O segredo para um jejum bem-sucedido é garantir que dois hormônios específicos estejam funcionando bem e dentro dos limites normais. Embora seu primeiro pensamento sobre o jejum possa ser: “Como vou superar uma barriga que ronca ou terei força de vontade para evitar os bagels do escritório?” o que pode realmente servir melhor a você é mudar seu pensamento para controlar seus níveis de insulina e cortisol.

 Quando você se concentra em fazer escolhas em sua dieta e estilo de vida que mantenham esses hormônios equilibrados, você descobrirá que o jejum não apenas é mais fácil, mas também uma maneira bem-sucedida de recuperar sua juventude, saúde e beleza. 

Quando esses hormônios estão estáveis, os desejos realmente não existem como você os conhece. Nem aquele incômodo voraz “eu poderia comer qualquer coisa”sentindo também. É neste lugar de harmonia hormonal que o jejum se torna uma parte natural da sua rotina de autocuidado para se sentir bem – e você realmente ficará ansioso por isso!

5 dicas para equilibrar sua insulina e cortisol para um jejum de sucesso

Antes de começar seu primeiro jejum, avalie o quão feliz seu corpo está com seus hormônios, verificando:

Apetite

Desejos

Energia

Dormir

Se algum deles estiver errado para você, isso significa que provavelmente você tem desequilíbrios no funcionamento da insulina ou do cortisol (ou ambos!). Nesse caso, você vai querer começar devagar, primeiro jejuando por 12 horas, digamos das 20h às 8h.

Torne-se mais adaptado à gordura para uma melhor experiência de jejum. Quebre o jejum com um café da manhã à base de gordura, como meio abacate com um ou dois ovos. Pule as torradas e o prato de frutas – consumindo principalmente gordura (e sem carboidratos) no café da manhã, você ajudará seu corpo na transição para a biologia metabólica do jejum. 

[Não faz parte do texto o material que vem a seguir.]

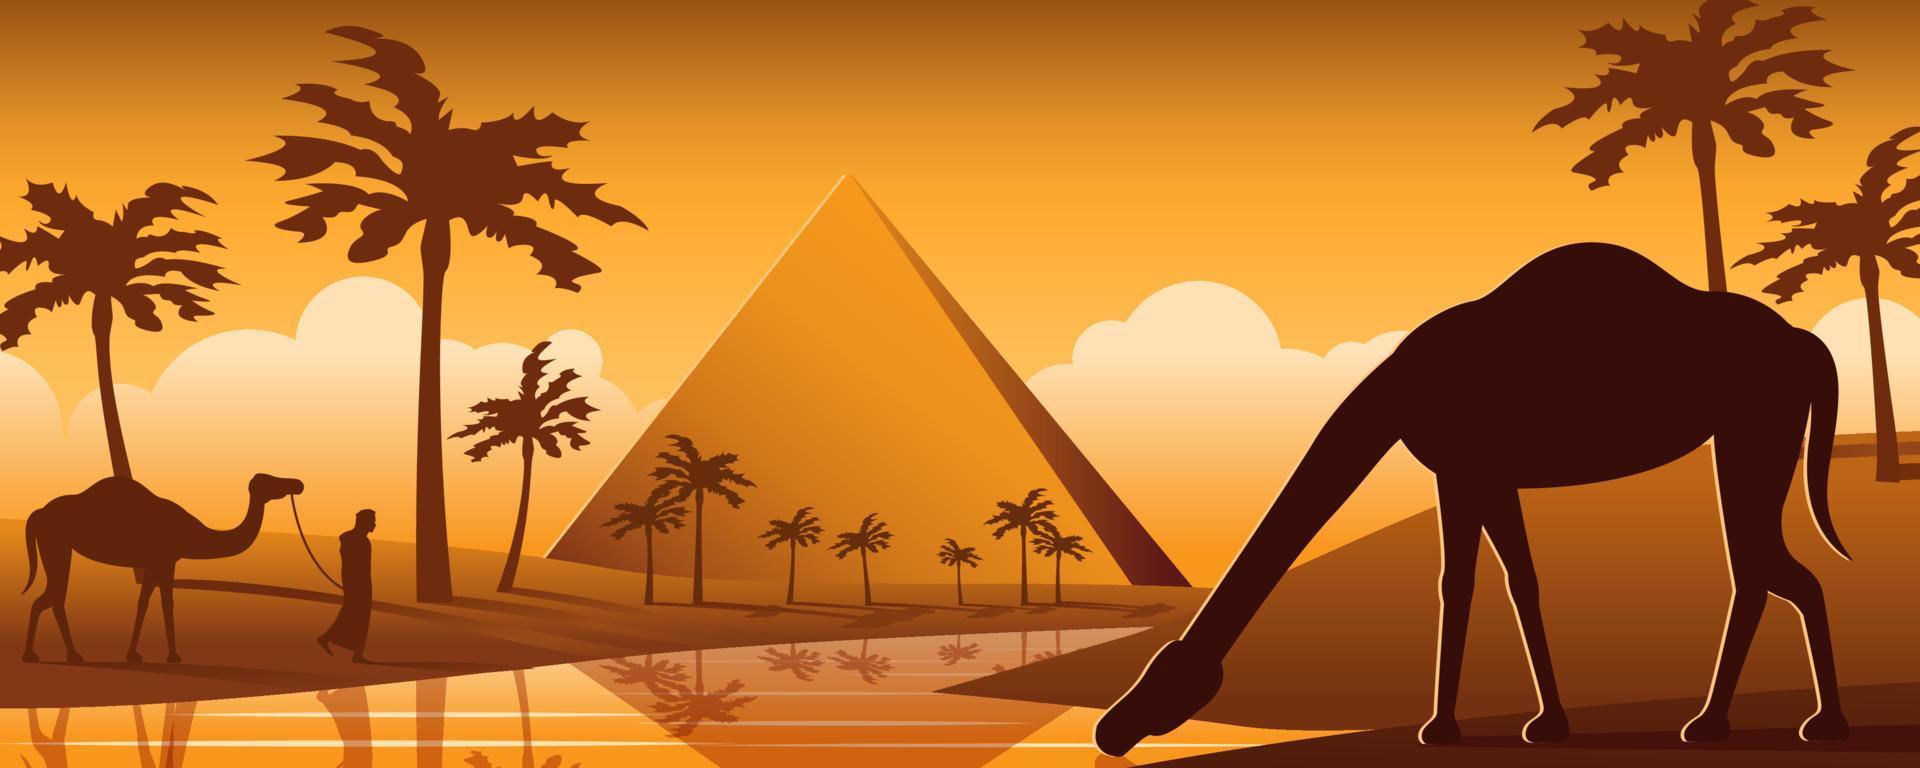 camello bebe agua en el desierto de oasis cerca de la pirámide, diseño de  dibujos animados de silueta 5116567 Vector en Vecteezy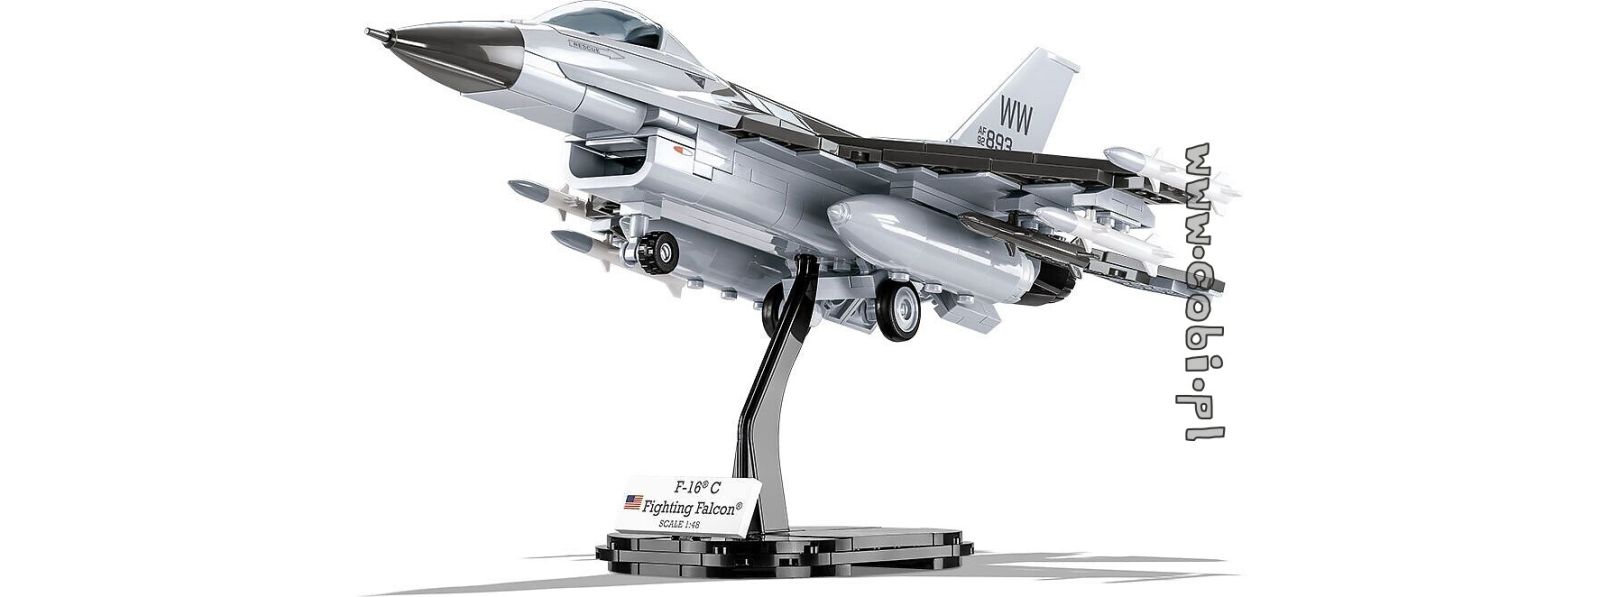 Historia z COBI. Samolot F-16, czyli multitasking w siłach powietrznych!

À medida que seus ritmos hormonais se normalizam, você poderá aumentar gradualmente o seu jejum para 16 horas, digamos das 20h ao meio-dia do dia seguinte. Como você vai saber? Acredite em mim, você vai sentir isso. O jejum é um esporte – a prática leva à perfeição. Aguente firme e persista porque a recompensa pode mudar sua vida.

Tenha cuidado com o que você come antes de começar o jejum. Planeje suas refeições para garantir que calorias suficientes provenientes de gordura, proteína e carboidratos sejam incluídas, principalmente na refeição da noite. Todos os macronutrientes desempenham um papel essencial na normalização de seus hormônios.

Durma até um jejum agradável. Para dormir bem, seus níveis de cortisol devem seguir o padrão adequado para a noite (baixo) e hora de acordar (alto). Às vezes, para certas mulheres, consumir carboidratos muito baixos pode ser estressante e aumentar os níveis de cortisol, especialmente à noite, o que dificulta o sono. 

Se o cortisol estiver desligado, você pode apostar que o açúcar no sangue também diminuirá, o que pode fazer com que você tenha dificuldade para dormir e continuar dormindo. Você já dormiu mal e depois achou seu café com leite caramelo e croissant em flocos mais satisfatório pela manhã?

 Se você tem desejo por carboidratos e pouco apetite por proteína ou gordura, é provável que o cortisol e a insulina tenham saído do curso durante a noite. O jejum é muito mais fácil depois de uma boa noite de sono onde seus hormônios estão equilibrados e trabalhando para você!

Mexa-se para se divertir! O tipo certo de movimento é essencial para equilibrar o cortisol e a insulina. Se você tende ao estresse ou é particularmente sensível a ele, caminhadas suaves, mas longas, bem como treinamento de força são muito importantes para você. O mesmo ocorre com os exercícios HIIT (treinamento intervalado de alta intensidade) ou curtas rajadas de exercícios intensos, como corrida de velocidade. 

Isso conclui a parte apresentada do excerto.